In Jordan, about 9 percent of the adult population has diabetes—similar to the rates in the US. But at one Doctors Without Borders clinic in the city of Irbid, roughly half of the refugee patients are diabetic.
"We have in our clinic about 4,000 patients and over 2,000 of them have diabetes," Dr. Paul van den Bosch, a supervising physician at the Irbid clinics, told me over the phone. About 70 percent of the clinic's patients are refugees, while the rest are Jordanian.
"It's the single greatest problem, and many of them also have high blood pressure," van den Bosch said.
Non-communicable disease—illnesses that aren't transferred person-to-person, such as diabetes, high blood pressure, and asthma—are a global health concern. But among many populations of Syrian refugees, these diseases have become an even greater threat. After escaping war, they're left facing what are often dubbed "silent killers," and have unique challenges to getting treatment and care, van den Bosch told me. Though we often think of war injuries and emergency care when it comes to refugee health, these longer term ailments can be just as serious.
Jordan is home to over 650,000 registered Syrian refugees, according to the United Nations refugee agency. These individuals were once allowed to access Jordan's public health care system for free, but in 2014, the government cut access and required refugees to pay fees to access health care.
Most refugees in Jordan are also unable to obtain work permits, according to the International Labour Organization, making it especially difficult to access necessary care. A survey by CARE, a humanitarian nonprofit, found that almost a third of Syrian families living in Jordan said they couldn't afford to go to the doctor.
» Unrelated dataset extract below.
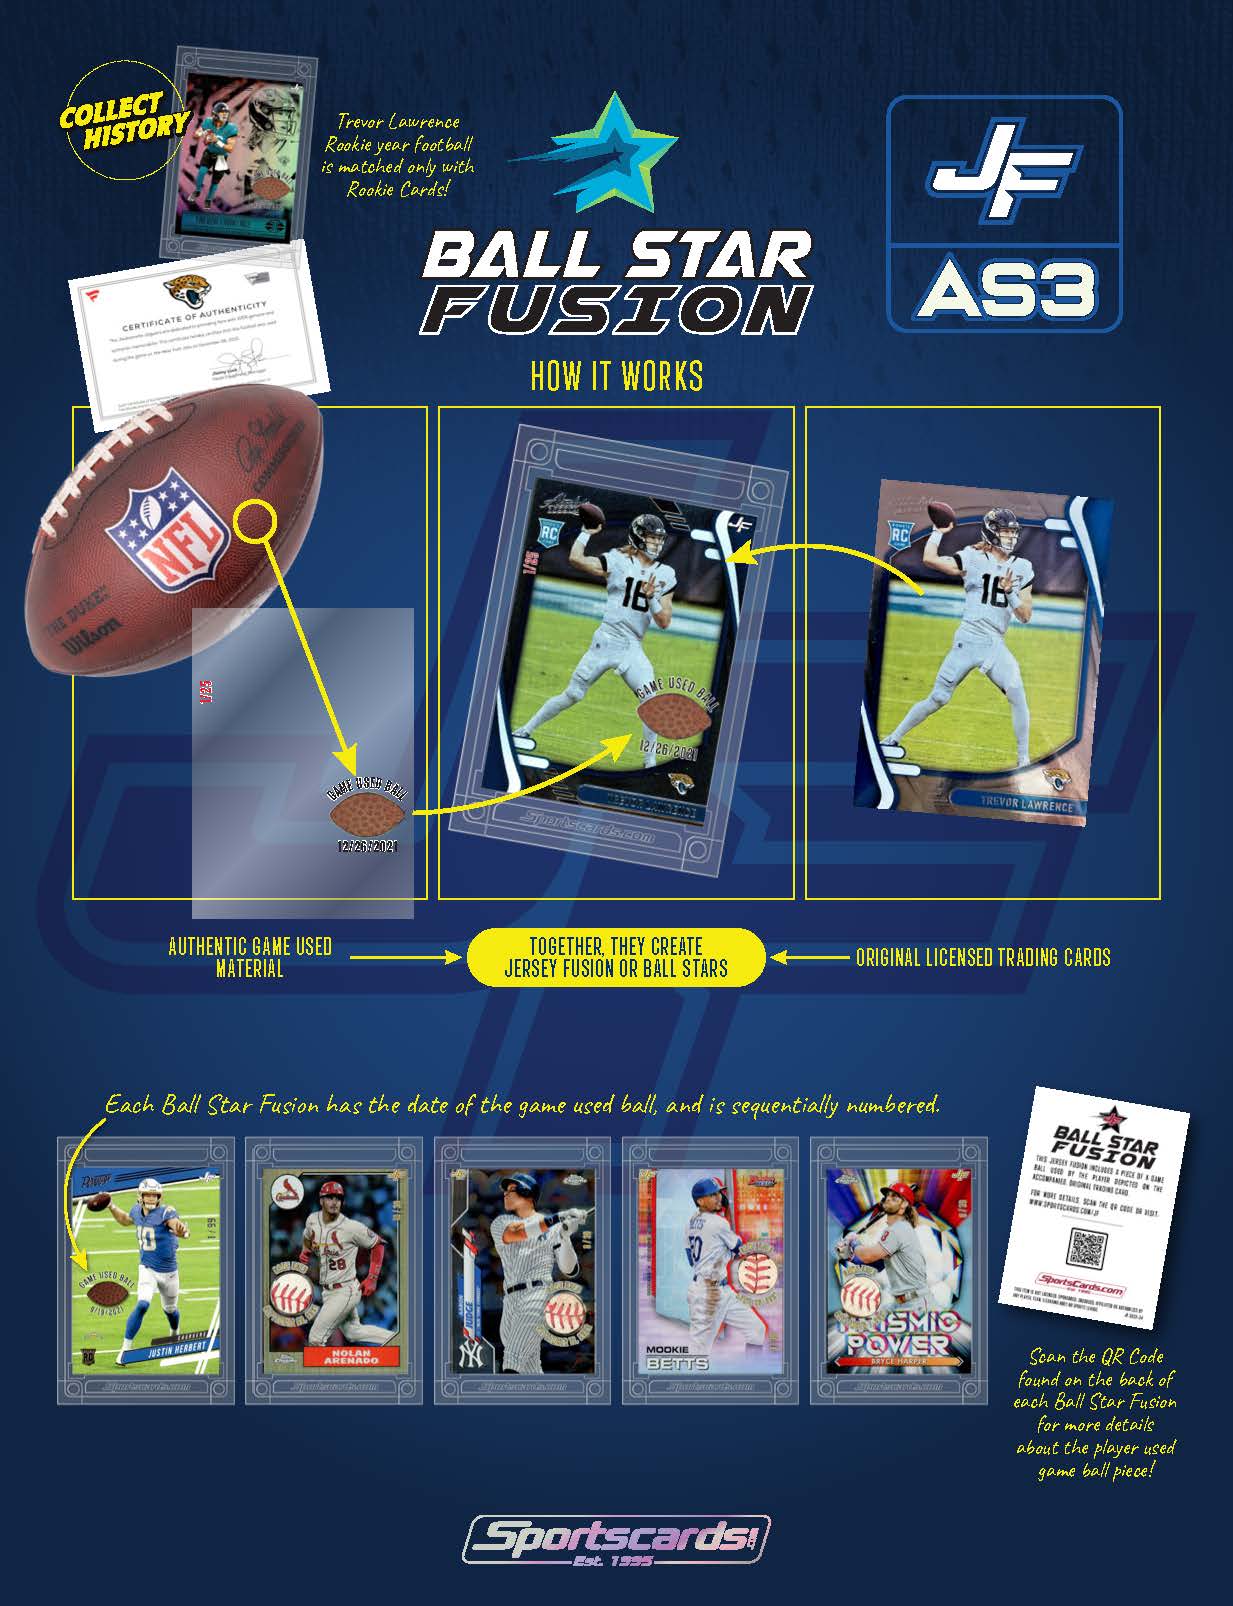 Jersey Fusion All Sports Series 3 Case - (100) Sealed Boxes Per Case

Doctors Without Borders provides care to refugees free of charge, but van den Bosch told me the lack of employment only exacerbates the challenges of treating non-communicable diseases.
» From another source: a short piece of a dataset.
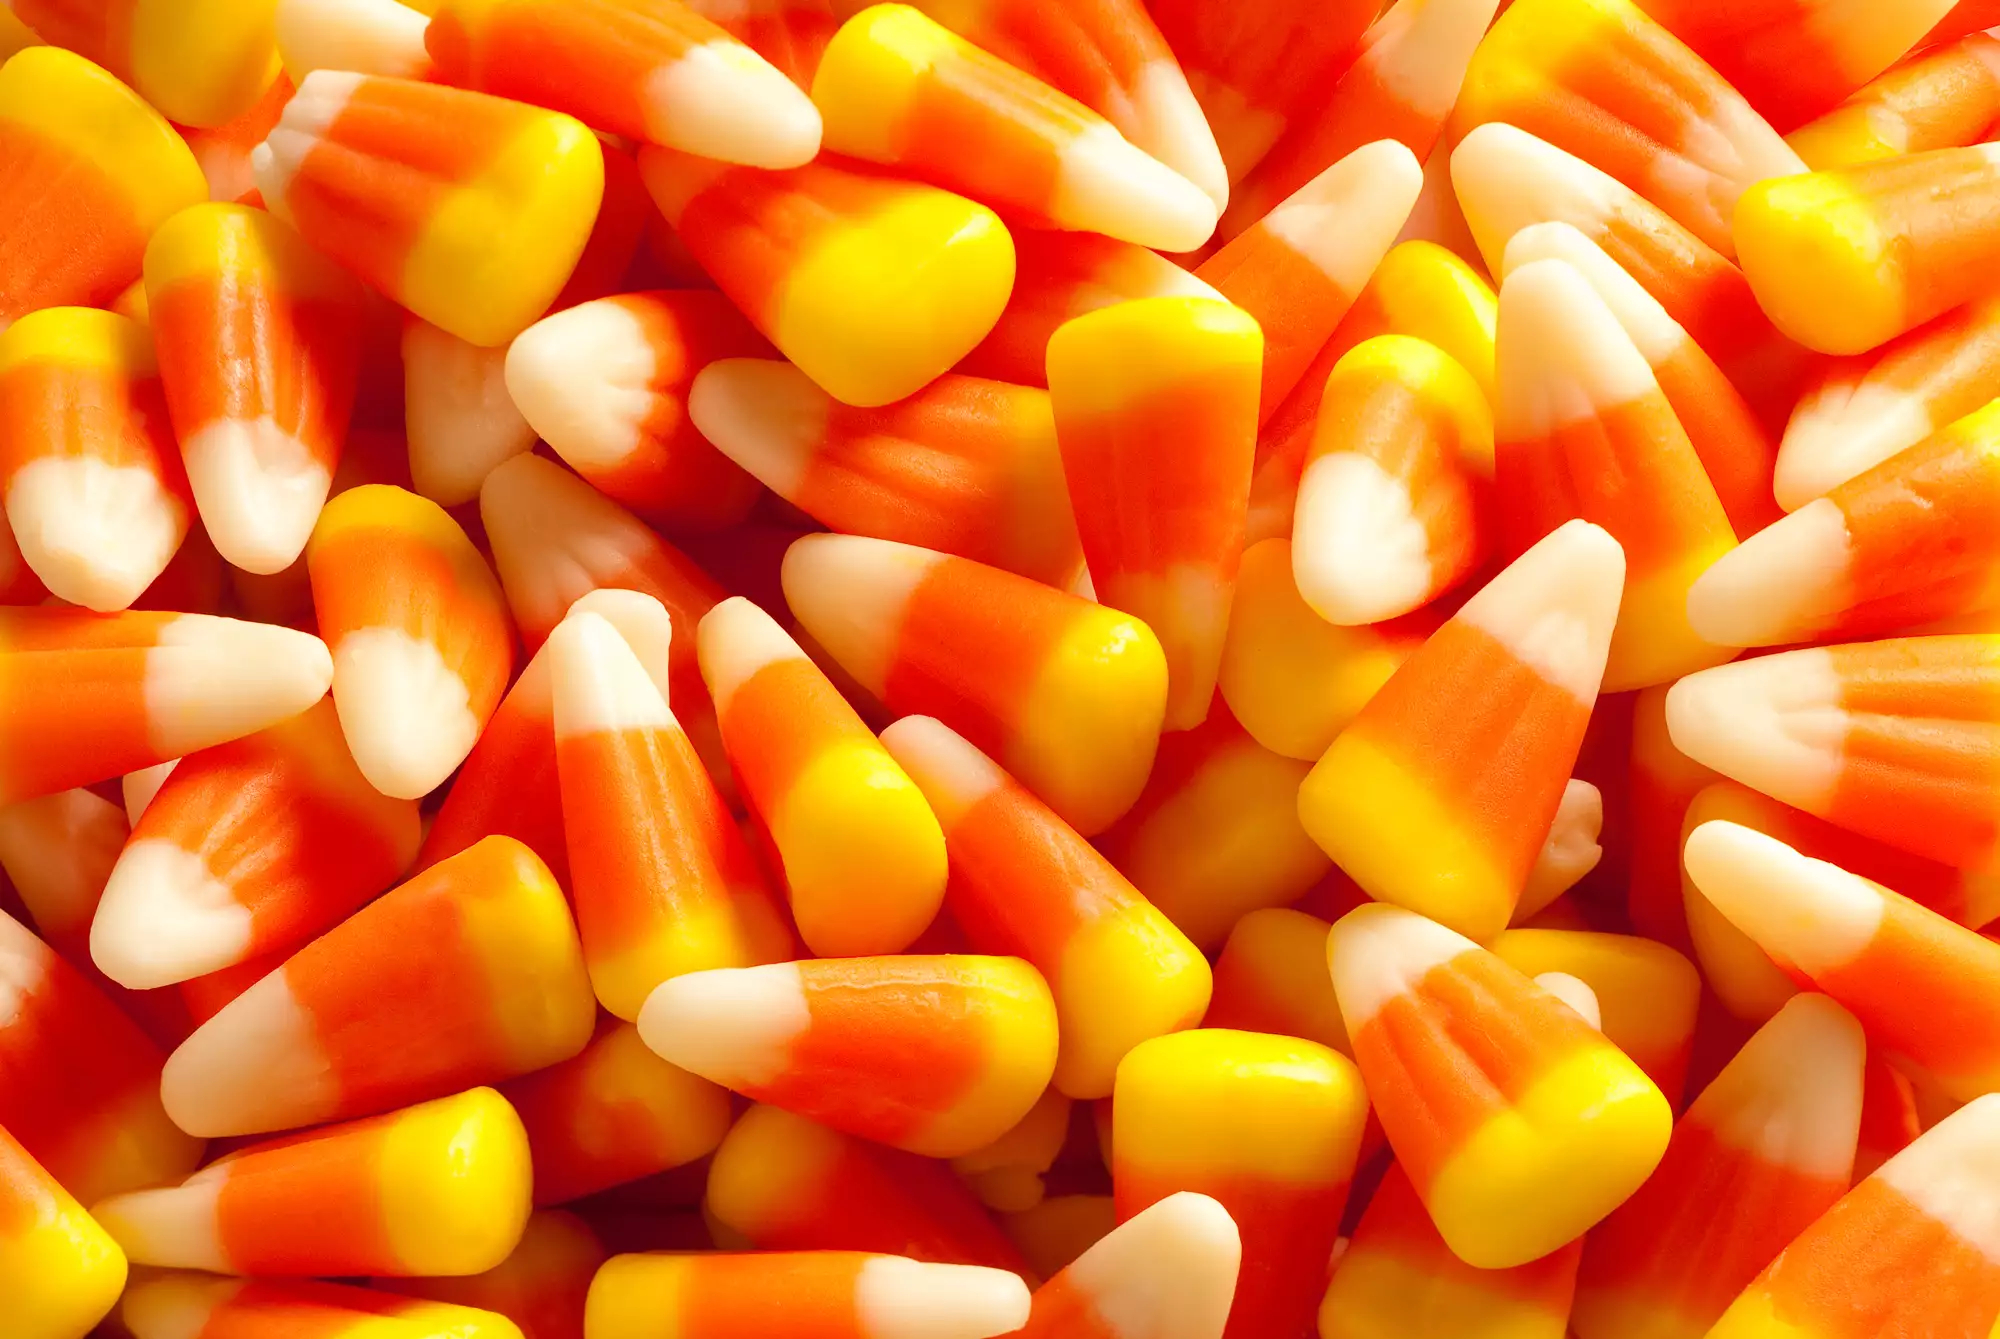 200 Candy Corn Wallpaper Stock Photos HighRes Pictures and Images   Getty Images

"Many of them are not in the position to do the things we would normally encourage our diabetic patients to do," van den Bosch explained. "Medication is obviously very important, but these are conditions where you need people to change their behavior. But they can't afford gym memberships. They can't afford to eat the good food: fruit and vegetables are more expensive. Bread is subsidized. Sugar is very cheap."
He said mental health issues are also prevalent—many of his refugee patients have lost their homes, their possessions, and even family members. Some have family members back home still, and the stress takes a toll on their mental health, which in turn limits their ability to improve their physical health.
The clinics in Jordan have tried to find ways to work around these obstacles: they'll do house calls for patients who have had strokes or heart attacks, or have depression, and the clinics offering psychological counseling. But van den Bosch told me it's frustrating to not be able to do more to help patients who are suffering. Short of top-level political solutions, he said he's not sure what more can be done.
"In the clinic you see people sitting and you think they look okay, but very often if you ask with any kind of sensitivity how they feel, they burst into tears," van den Bosch said. "Our capacity to help people is limited, but it's something."